[WORK INSTRUCTIONS]:
The answer must be the full data, restated word for word, with no pictures in it.

[AVAILABLE DATA]:
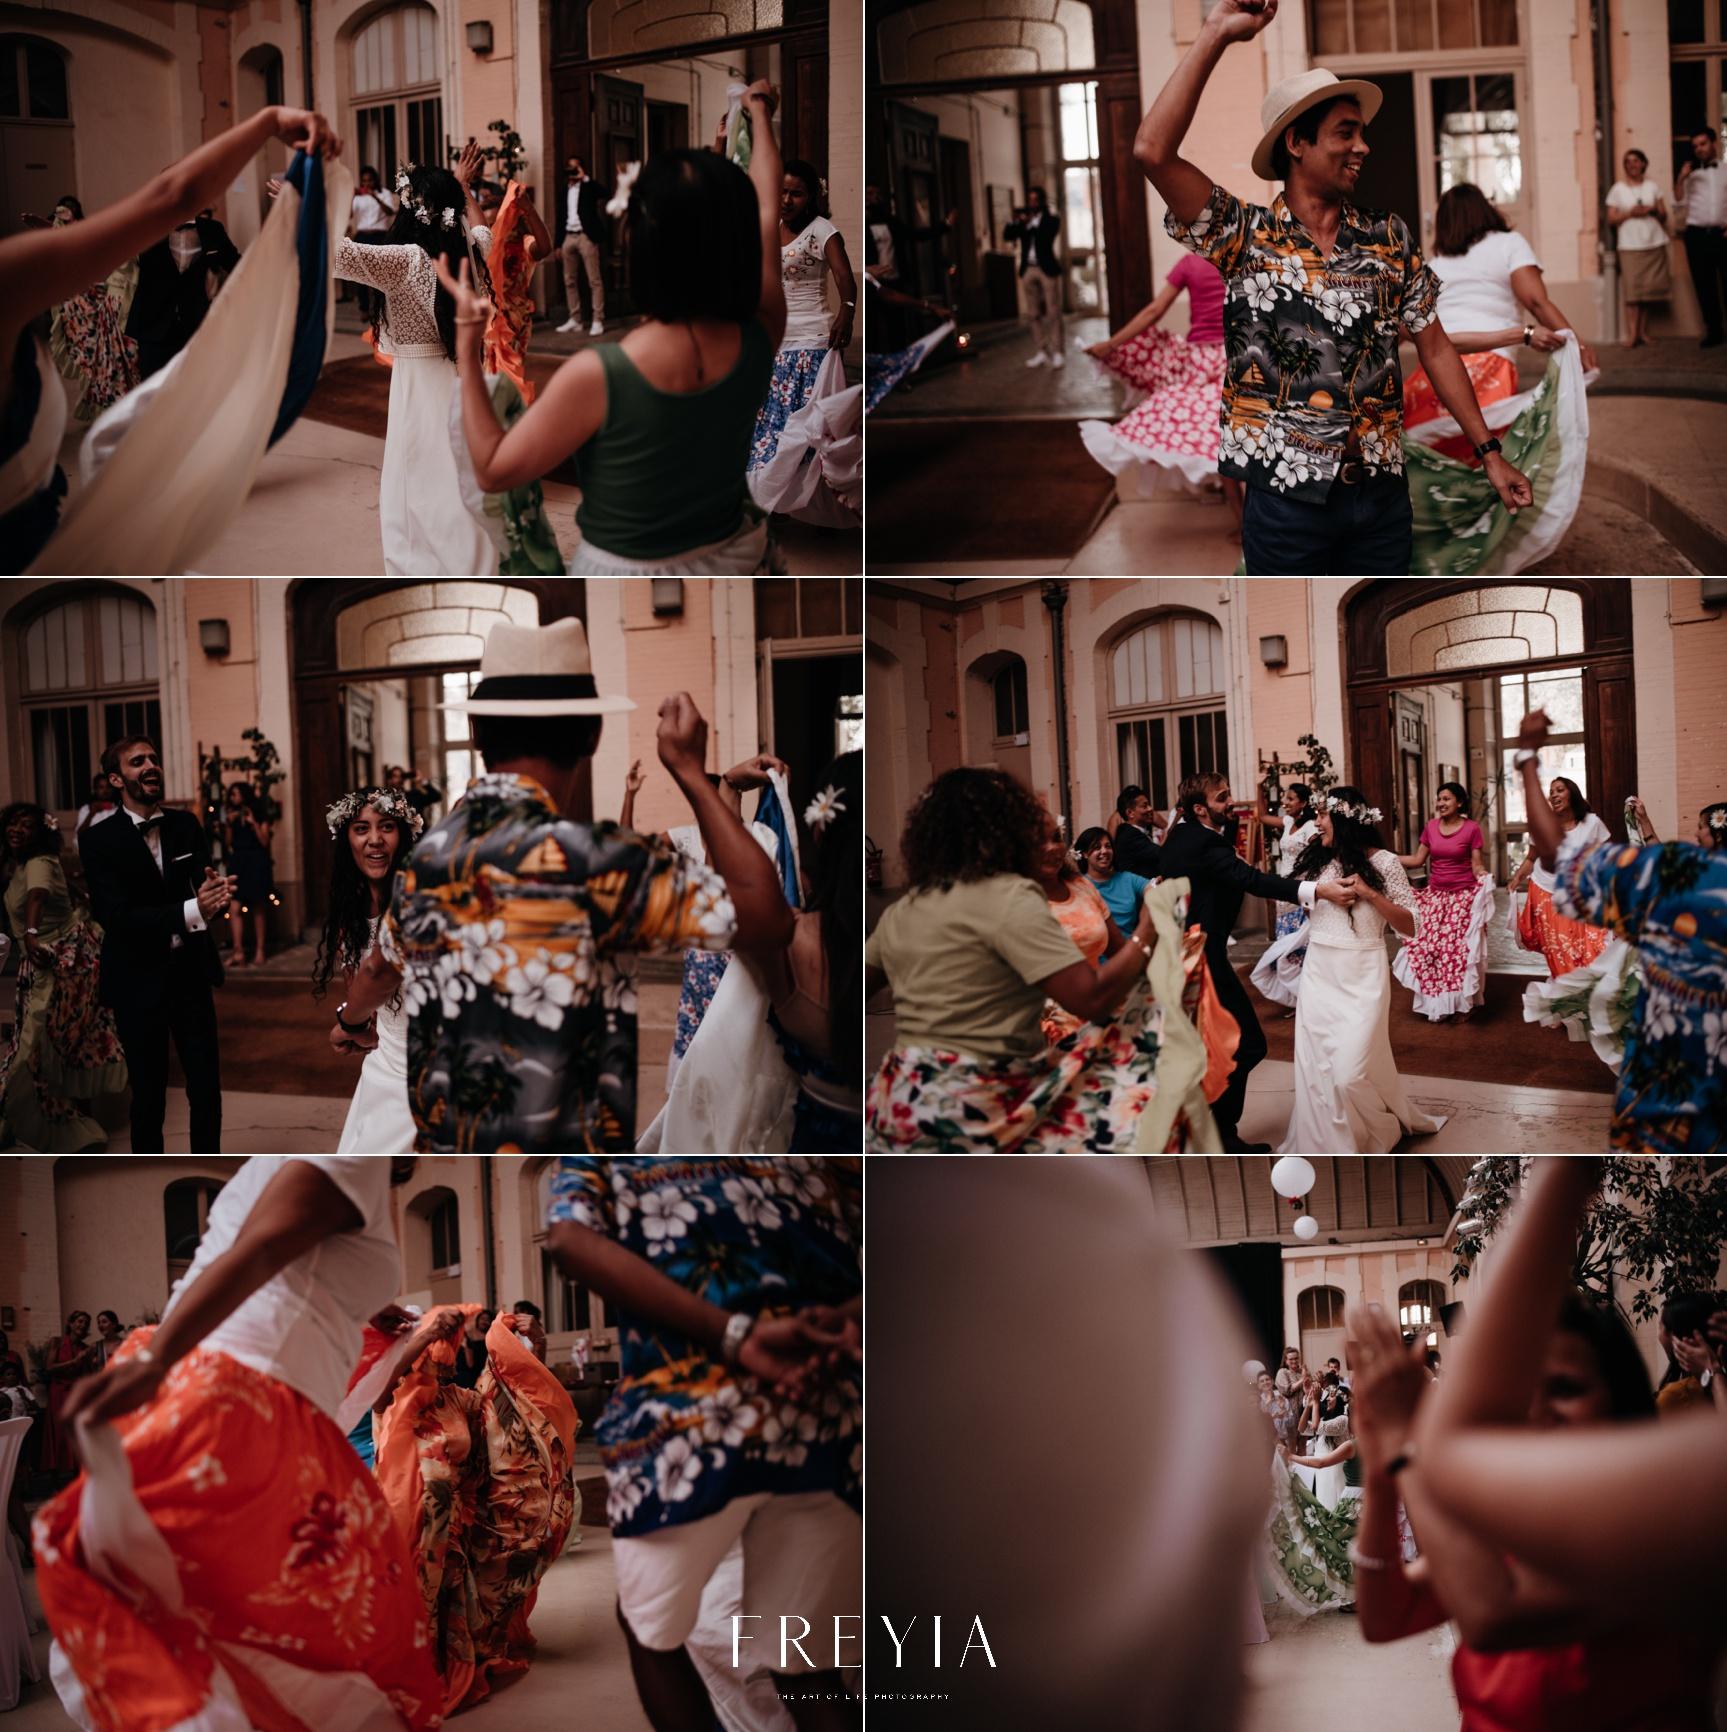 R + T |  mariage reportage alternatif moody intime minimaliste vintage naturel boho boheme |  PHOTOGRAPHE mariage PARIS france destination  | FREYIA photography_-342.jpg
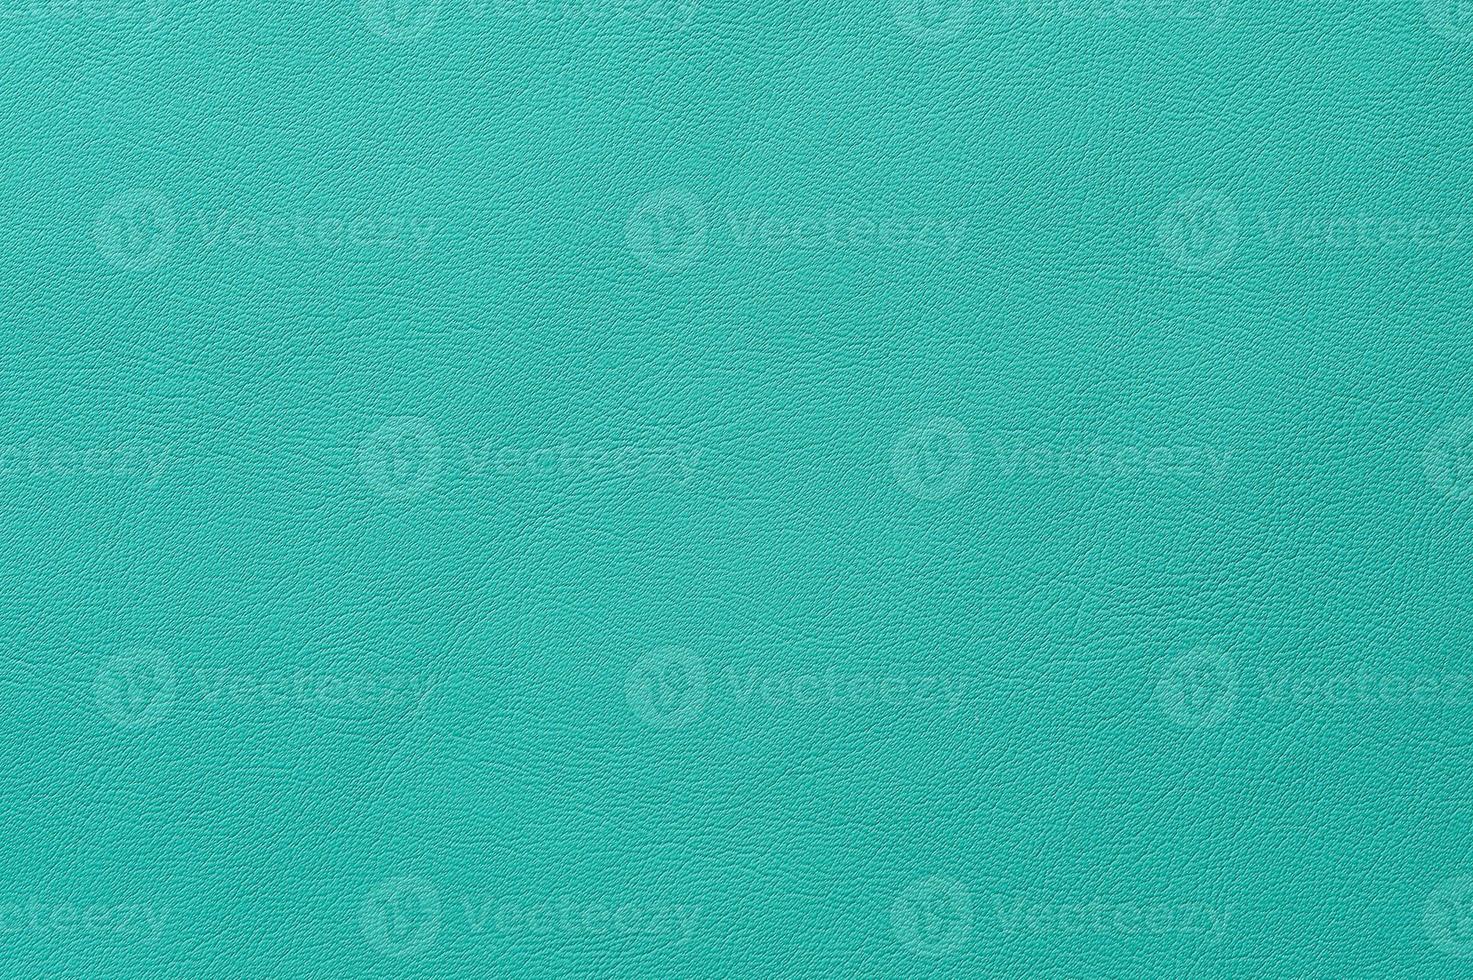 Nahaufnahme der nahtlosen grünen Lederstruktur foto
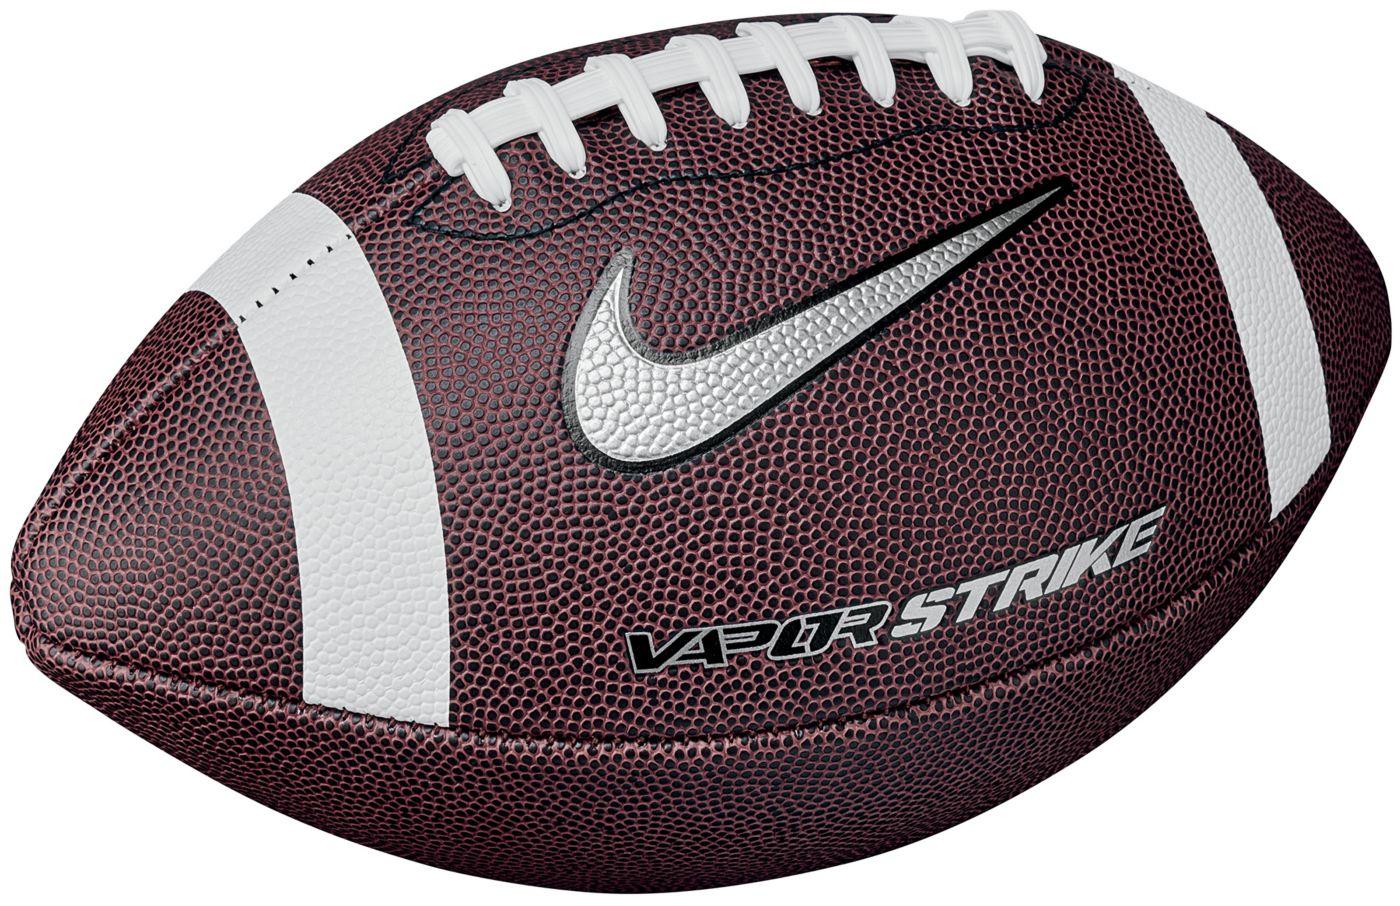 Nike Vapor Strike 2.0 Football

[RESPONSE]:
 R + T |  mariage reportage alternatif moody intime minimaliste vintage naturel boho boheme |  PHOTOGRAPHE mariage PARIS france destination  | FREYIA photography_-342.jpg
 Nahaufnahme der nahtlosen grünen Lederstruktur foto
 Nike Vapor Strike 2.0 Football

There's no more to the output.